After studying lots of diagrams and reading up, I've finally come to this conclusion and bite the bullet and do the 10AS alarm project. There's plenty of info scattered around various websites and also here on the forum.

As some may have known, i've immobilised my Td5 once and had no idea what to do after than, but that's fixed.

So what you need to get the thing working. I assume your interior lights do come on when you open the doors (so your door switches are in place already). The driver door is 1 input and the rest of the other doors are connected together onto another input. It does make a slight difference to the 10AS, but if they are wired all to the driver door, it's still ok.

Let's get started....

1. Nanocom
2. Key fob (Lucas 17TN) they come in the 315 or 433Mhz variant. You need to know your 10AS frequency.
3. CDL options*
4. Bonnet switch AMR2022 (optional) and bracket ALR9158 (optional)
5. Transponder coil AMR 4897 (optional)
6. Ultrasonic sensor YWC102900LNF (optional)
7. Back up battery sounder (optional)

1. This is pretty much a programming exercise, so using a nanocom you just need to query the 10AS. ALWAYS do a read and save of the existing settings so that if anything goes wrong, you can revert the settings. Load one of the regions settings and write that to the 10AS. This pretty much enables the alarm. BUT before you do this, make sure you already have a key fob. you need to get the 10AS to learn this key fob first. this will save you a lot of headache later, so do this first. For any reason, when you want to disconnect your 10AS, you should disable the alarm or at least disarm it before you pull the cables connectors out. It will NOT want to unlock or disarm when you disconnect it while the system is armed (immobilised) and then re connect it back.

2. Key fobs come in many part numbers (when you pull up microcat or numcat), but my experience is that there's only 2 variants and that's the frequency. You need the right one. Make sure it's the model is the Lucas 17TN fob.

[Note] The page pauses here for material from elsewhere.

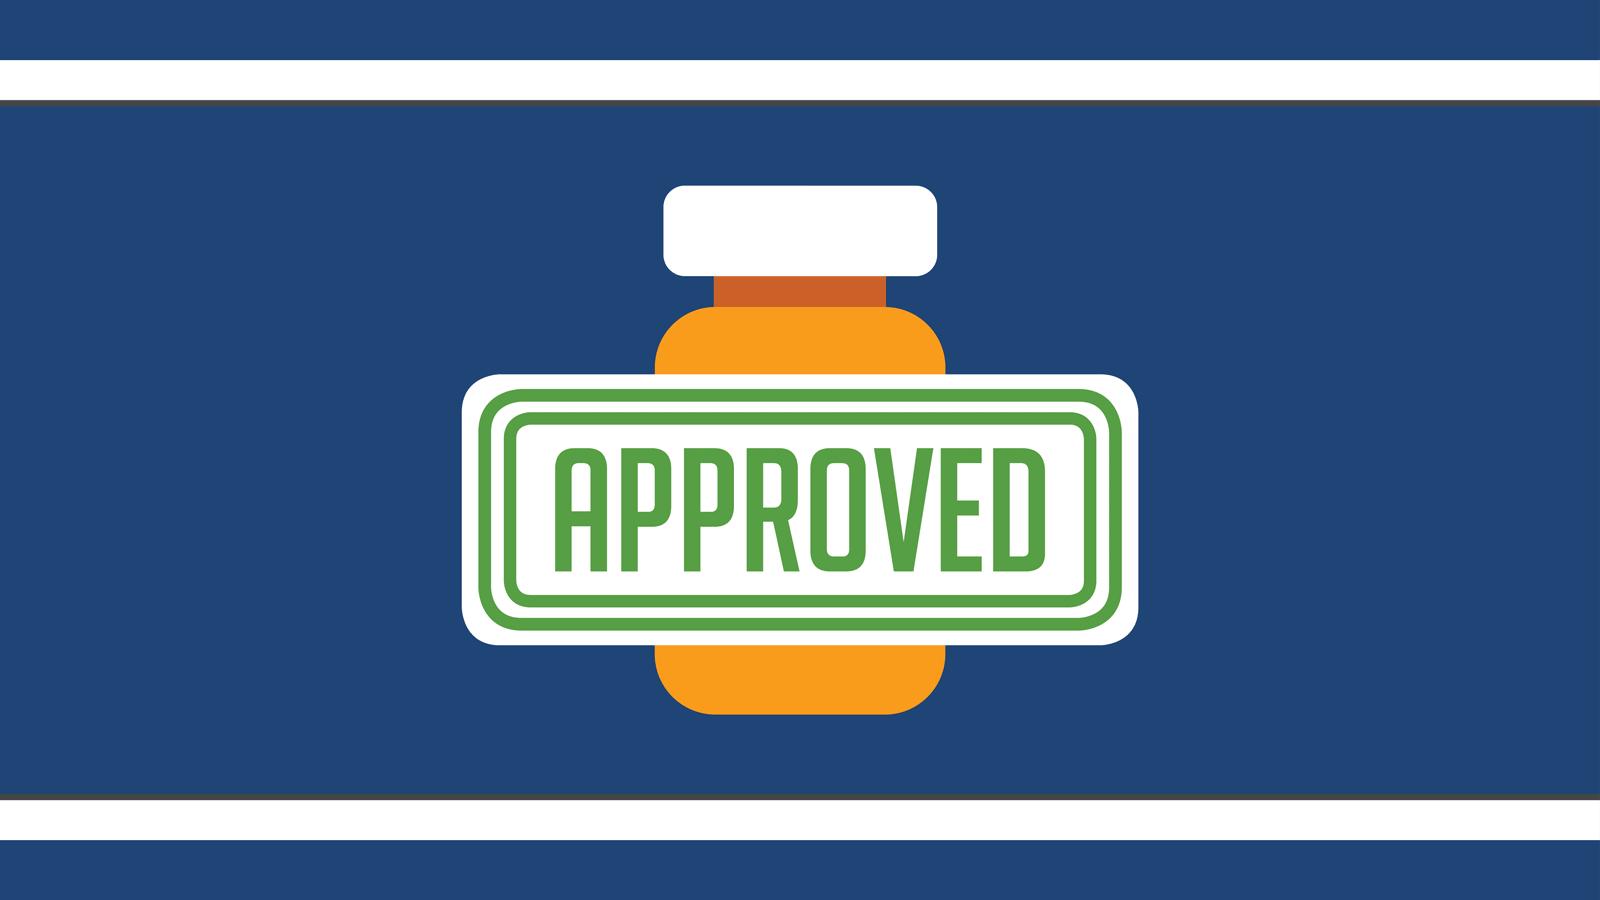 FDA Approves Generic Latuda for Schizophrenia and Bipolar Depression

3. CDL has been covered extensively on this forum. There are many ways to get this working. So, if you already have CDL on your doors, this is a lot easier (or some may think). However, you will need to also understand how your CDL unit works and how it can (or cannot) be interfaced easily with the 10AS. If you visit Fitting Central Door Locks to a Defender, you will easily see that there's a missing relay in most of the 10AS that ship from the factory without alarm. So there are a few options you can take :

a) buy the relay and solder it in (should be less than 6 bucks)
b) tap the wires out (as shown in the documentation) and interface it to your existing CDL or some additional circuits to the CDL
c) follow the factory way and buy a single 4 wire CDL master for your driver door and do option a) as well

I 'cheated' by having a CDL controller and doing option a). connected the output directly to the lock / unlock wires of the motors. the 10AS will not be able to sense key unlock via the driver sill input wire in this way, but i still get to lock / unlock my doors via a single key turn if needed.

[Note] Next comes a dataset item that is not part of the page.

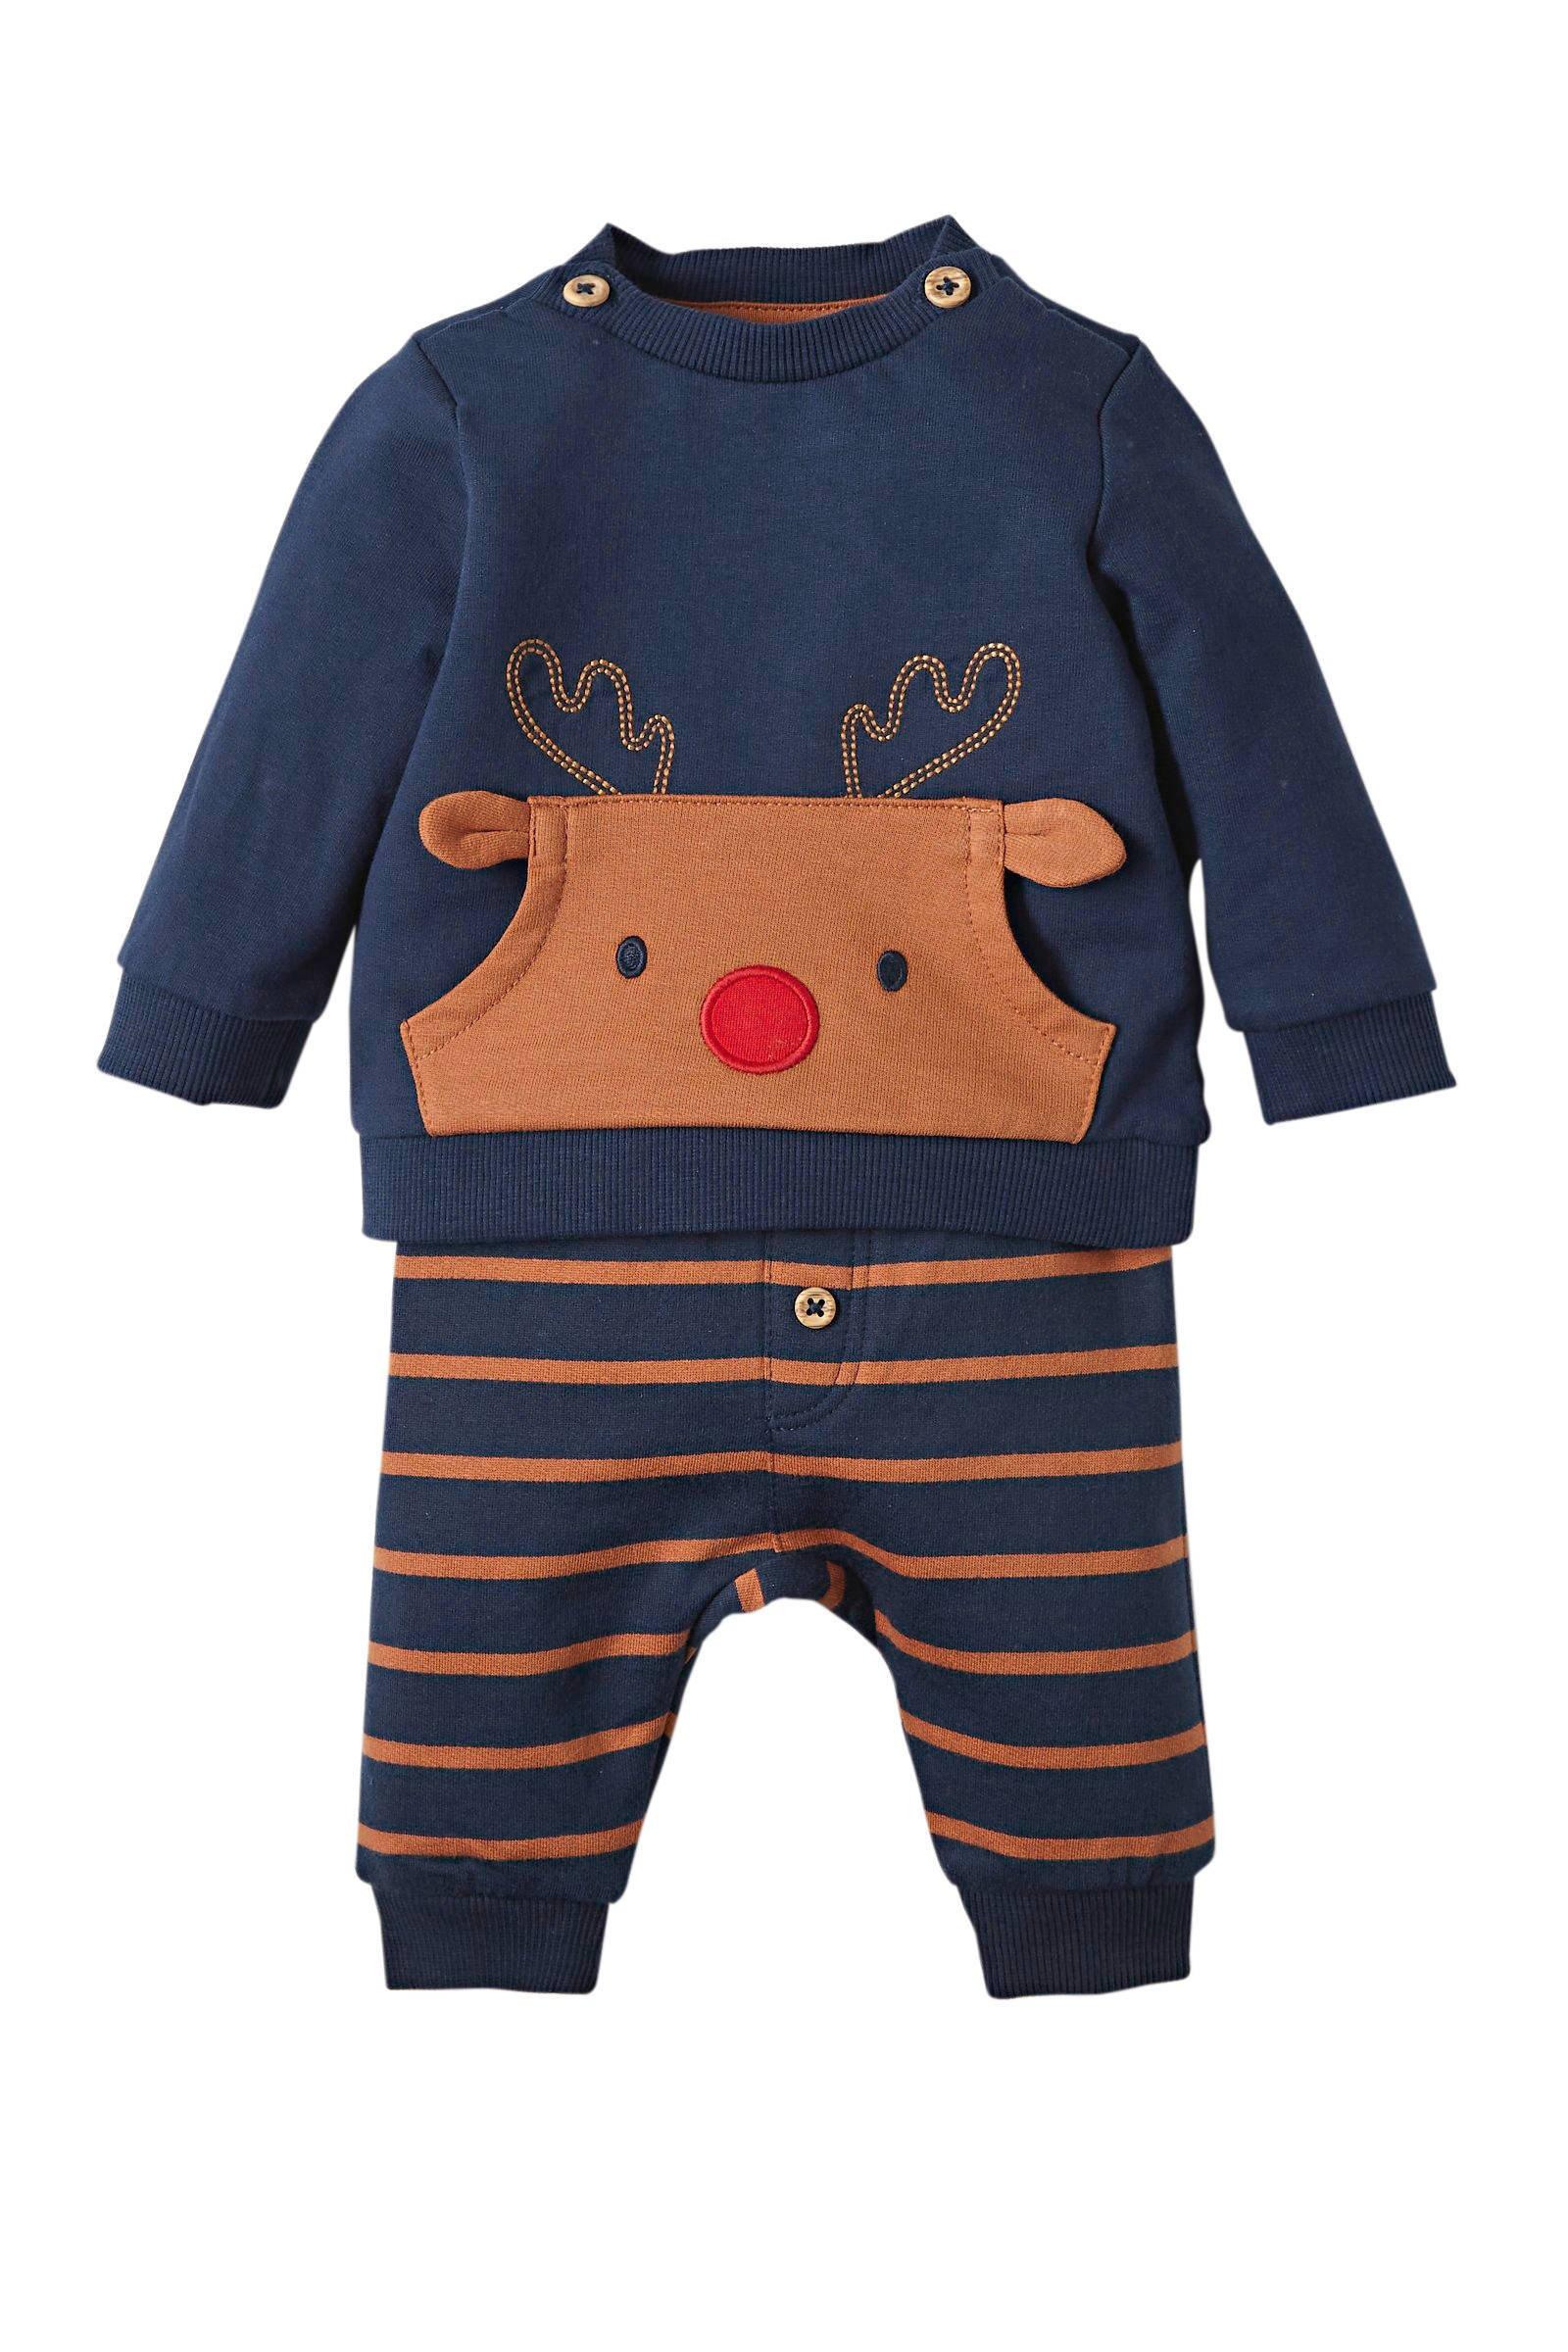 C&A Baby Club sweater set van 2 roodwitdonkerblauw   wehkamp

4 to 6) These are the optional extras. You will find the connectors already on the loom (well, i did on my based speced 90) so it's just connecting them on.

5. is the transponder coil, this stops the truck from being immobilsed automatically when you turn off the engine and open the driver door (with the key still in the ignition). Without this coil, the 10AS would not be able to sense the proximity of the key fob and assume it has been removed and sets the engine immobilize in 30 seconds. if the driver door is not opened, it sets immobilised in 5 minutes (still).

6. this is the most expensive piece of the puzzle. this is the volumetric sensor for the interior. it's mounted at the B post on the right side of the vehicle for HT and ©SW. Slightly different on a truck cab.

7. I skipped this option, so I can't really comment much. Most have said it's not worth it.

To sum it all up, it depends on how close do you want to get it to the factory wiring specs. Once you understand how it works, you can then decide if you want to omit a certain 'function' of the alarm if you don't need it.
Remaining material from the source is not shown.